[Collected data]
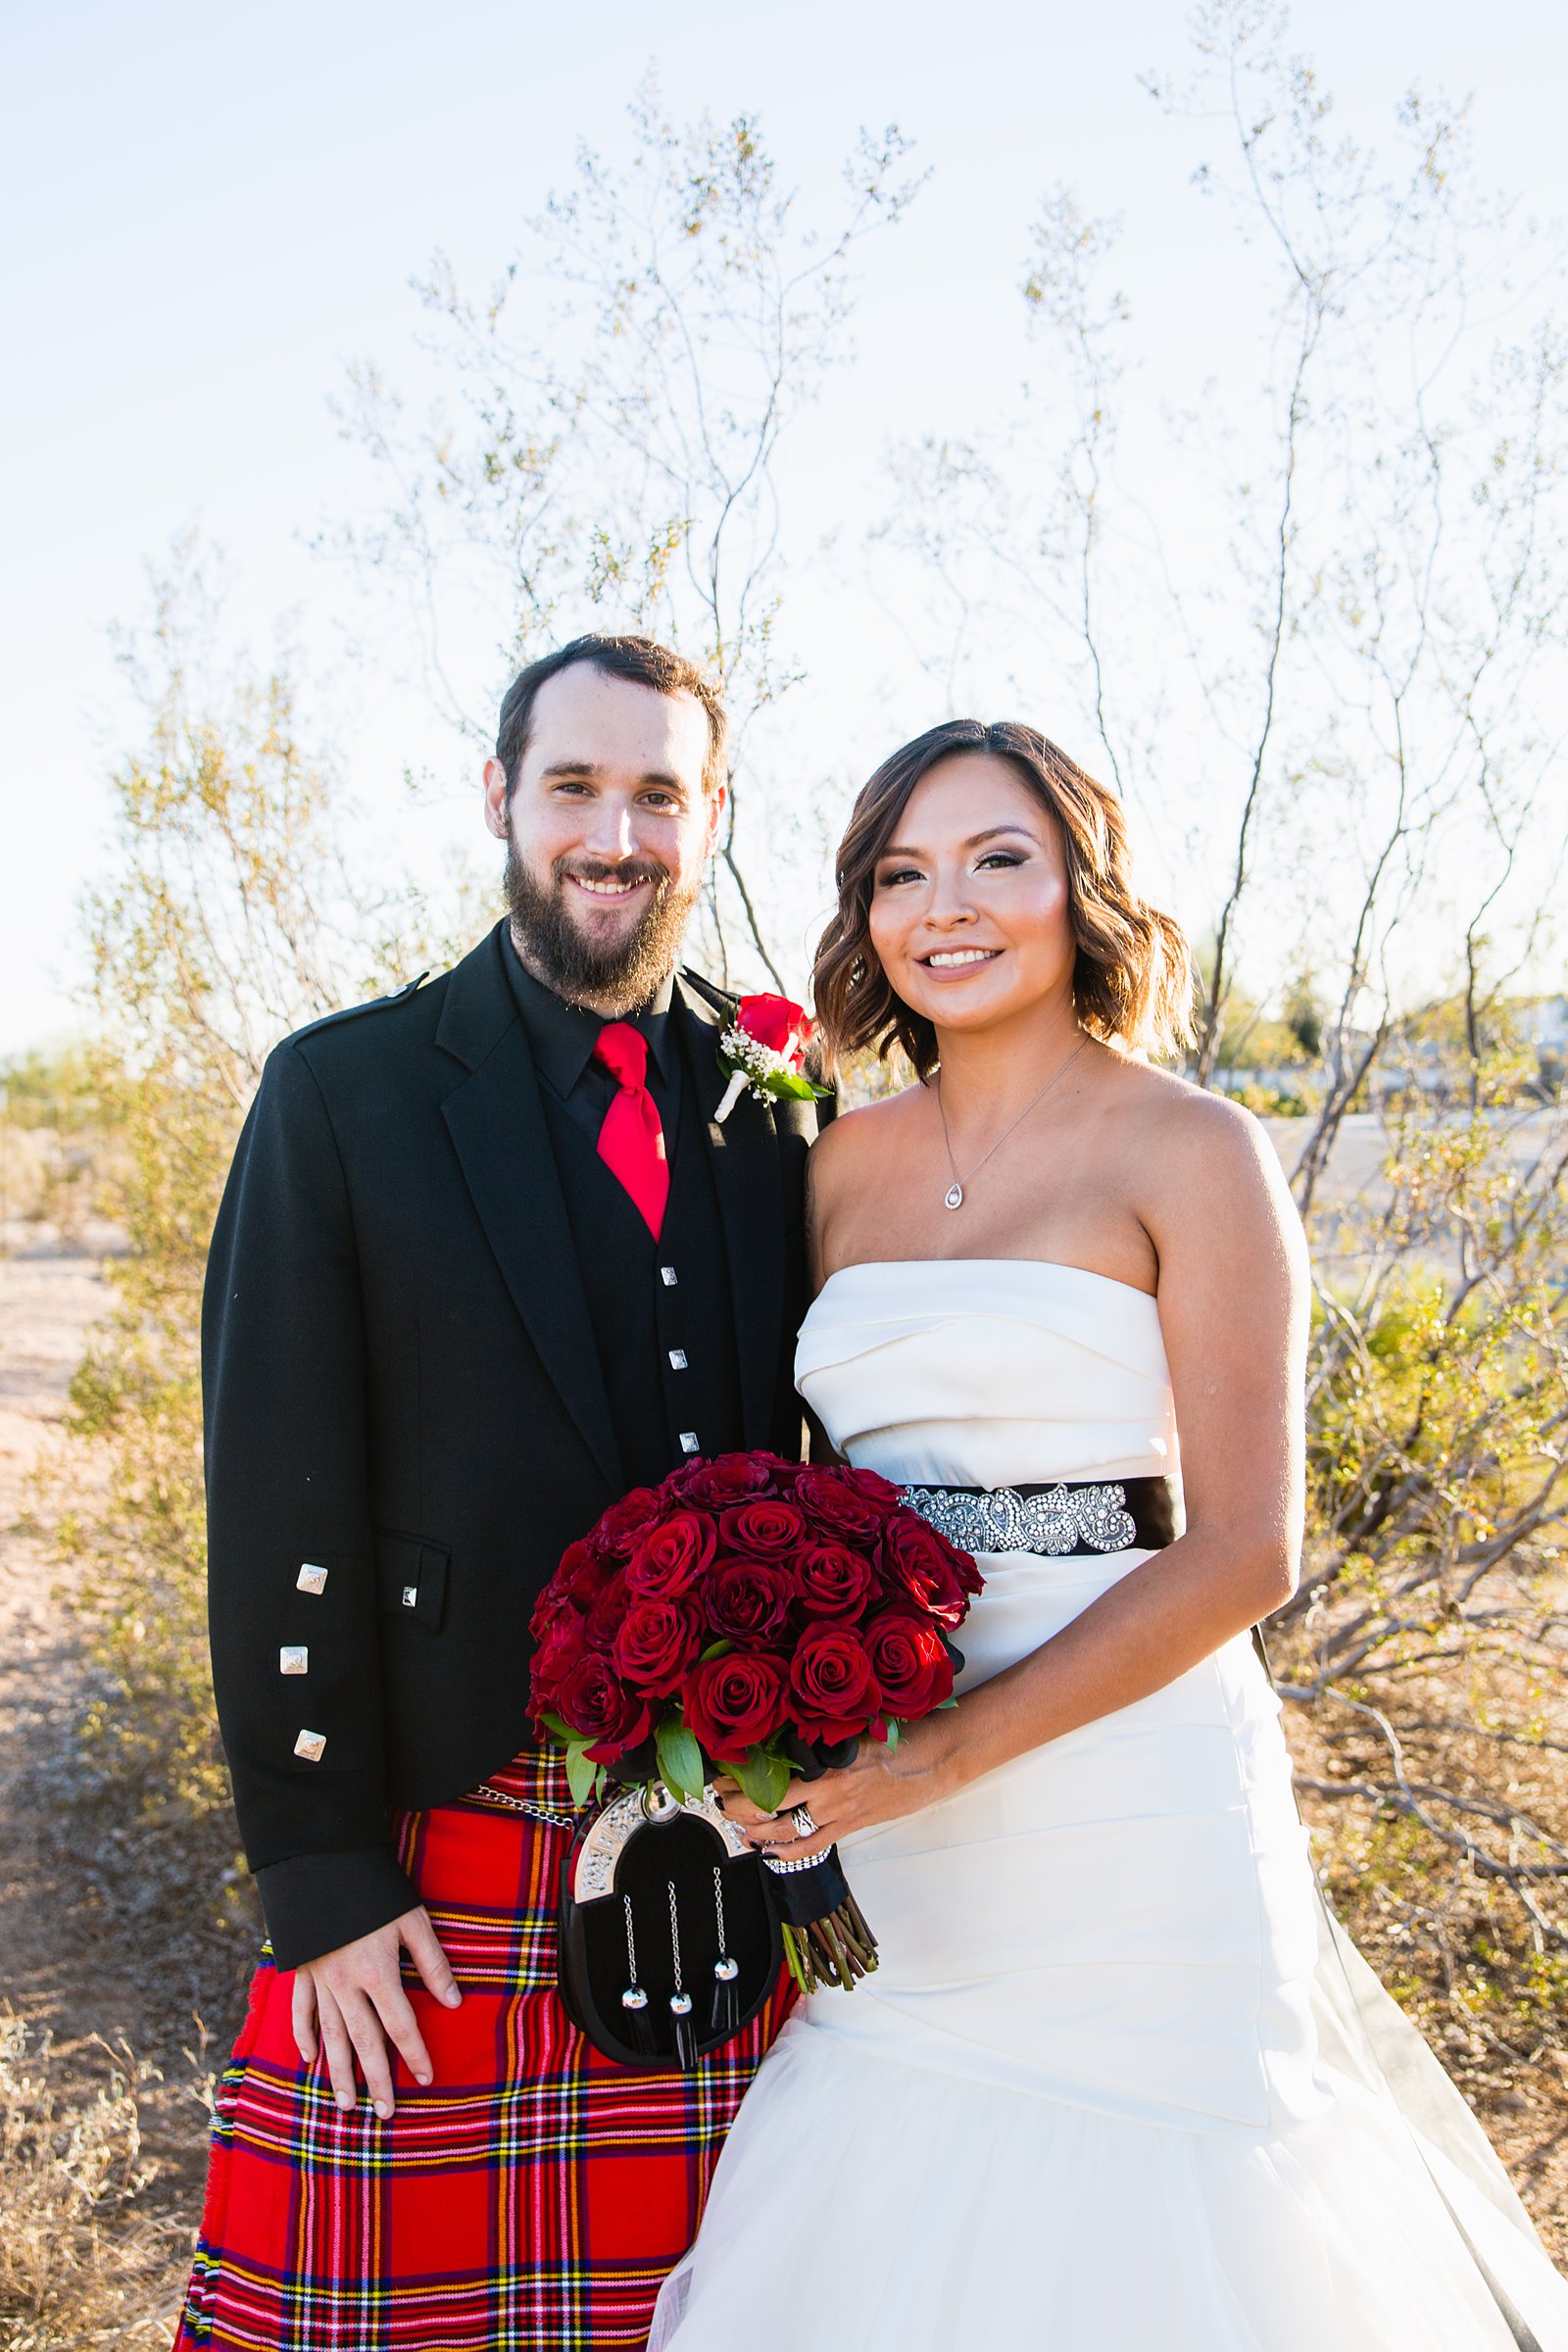 Native bride and groom in kilt on their wedding day by Arizona wedding photographer PMA Photography.
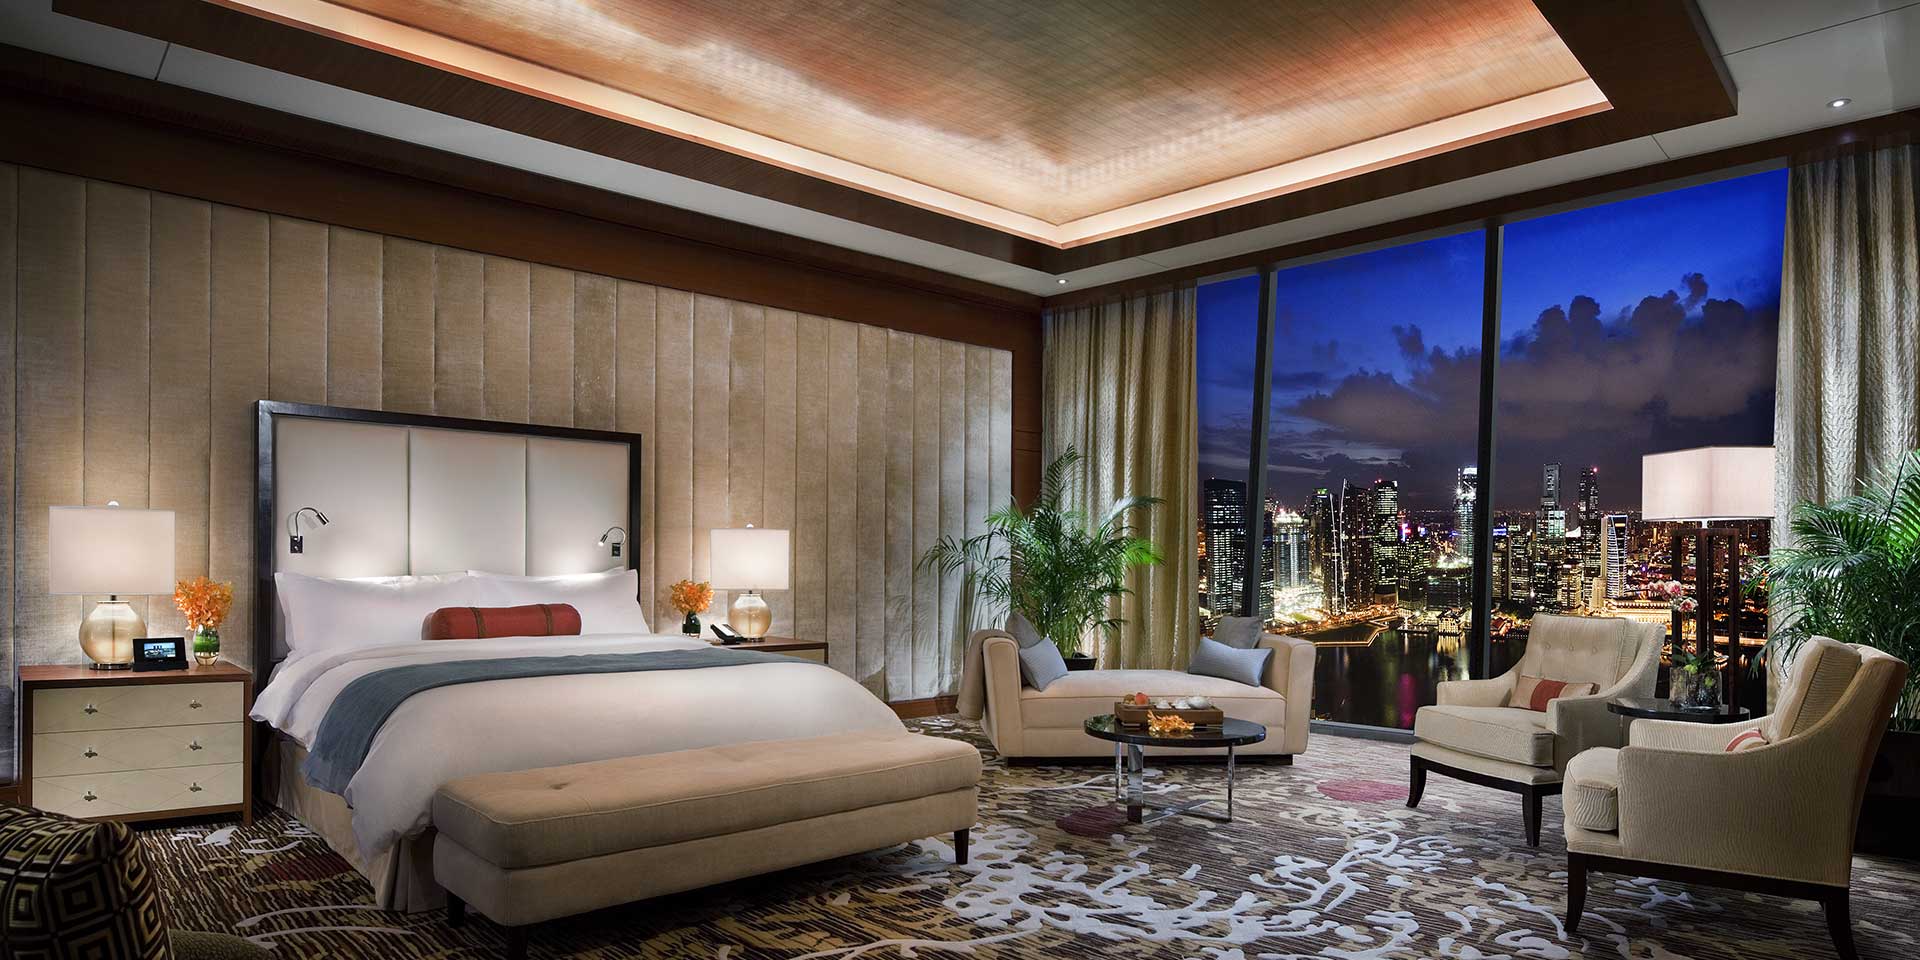 Presidential Suite Master Bedroom at Marina Bay Sands
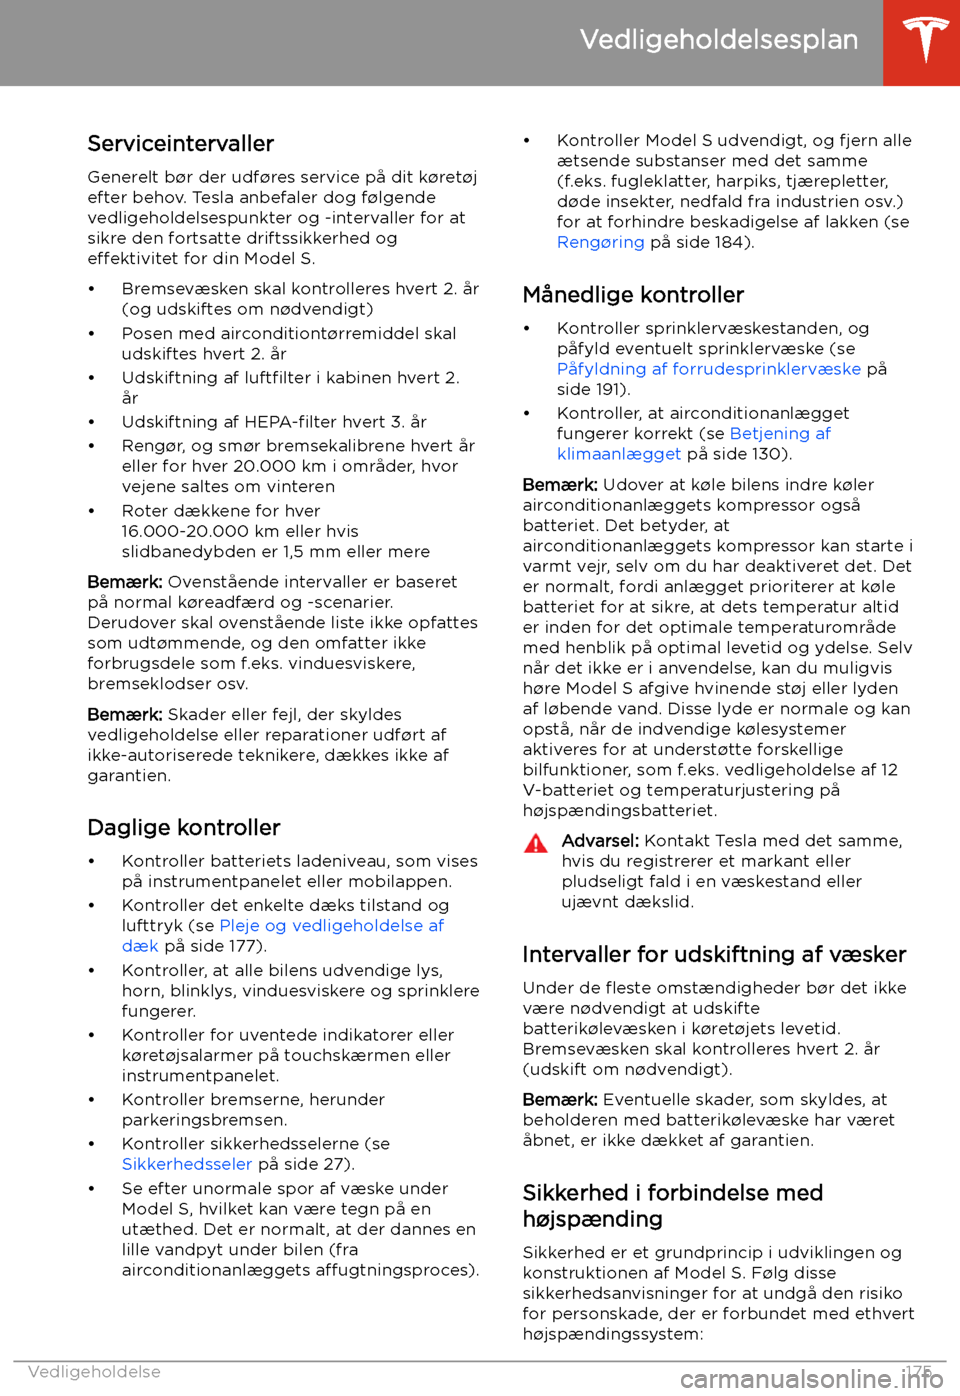 TESLA MODEL S 2020  Instruktionsbog (in Danish) Vedligeholdelse
Vedligeholdelsesplan
Serviceintervaller
Generelt b
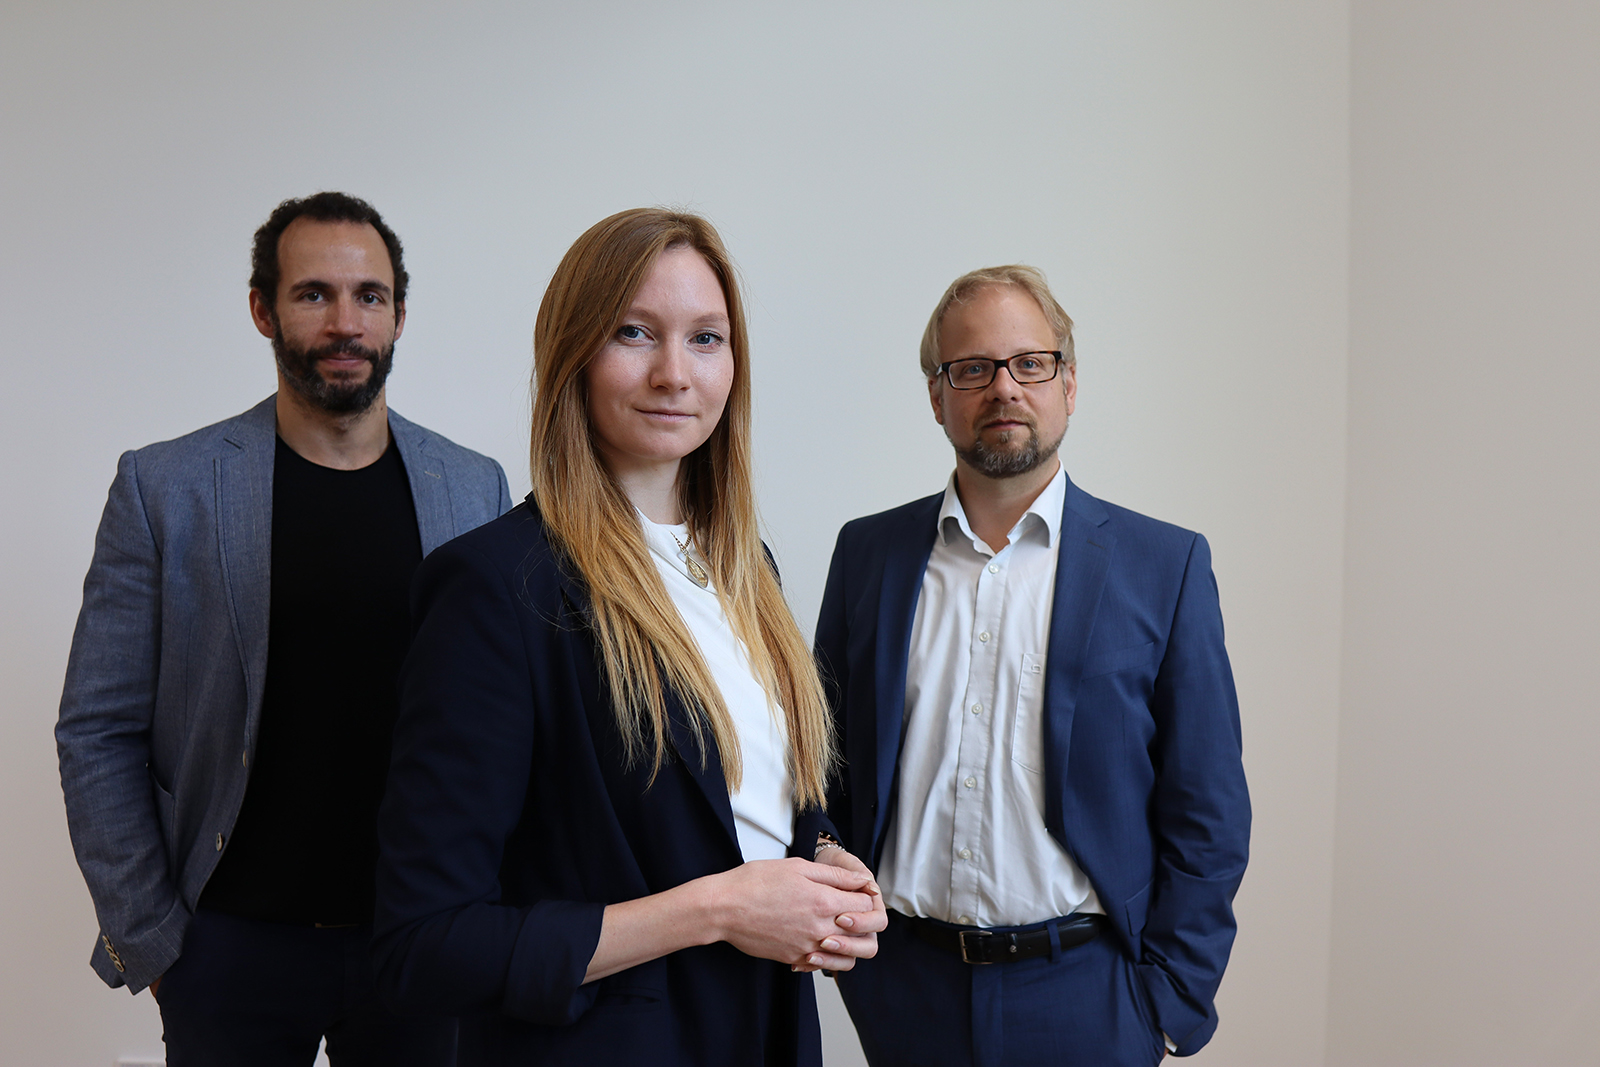 Das Gründerteam der Fraunhofer-Ausgründung TigerShark Science. Von links nach rechts: Dr. Dieter Groneberg, Amelie Reigl, Dr. Florian Groeber-Becker.

- _Work item_
Print exactly the first line of the entries and every line after it through the one that contains "Serviceintervaller", leaving the pictures out.

- _Written response_
 Native bride and groom in kilt on their wedding day by Arizona wedding photographer PMA Photography.
 Presidential Suite Master Bedroom at Marina Bay Sands
 TESLA MODEL S 2020  Instruktionsbog (in Danish) Vedligeholdelse
Vedligeholdelsesplan
Serviceintervaller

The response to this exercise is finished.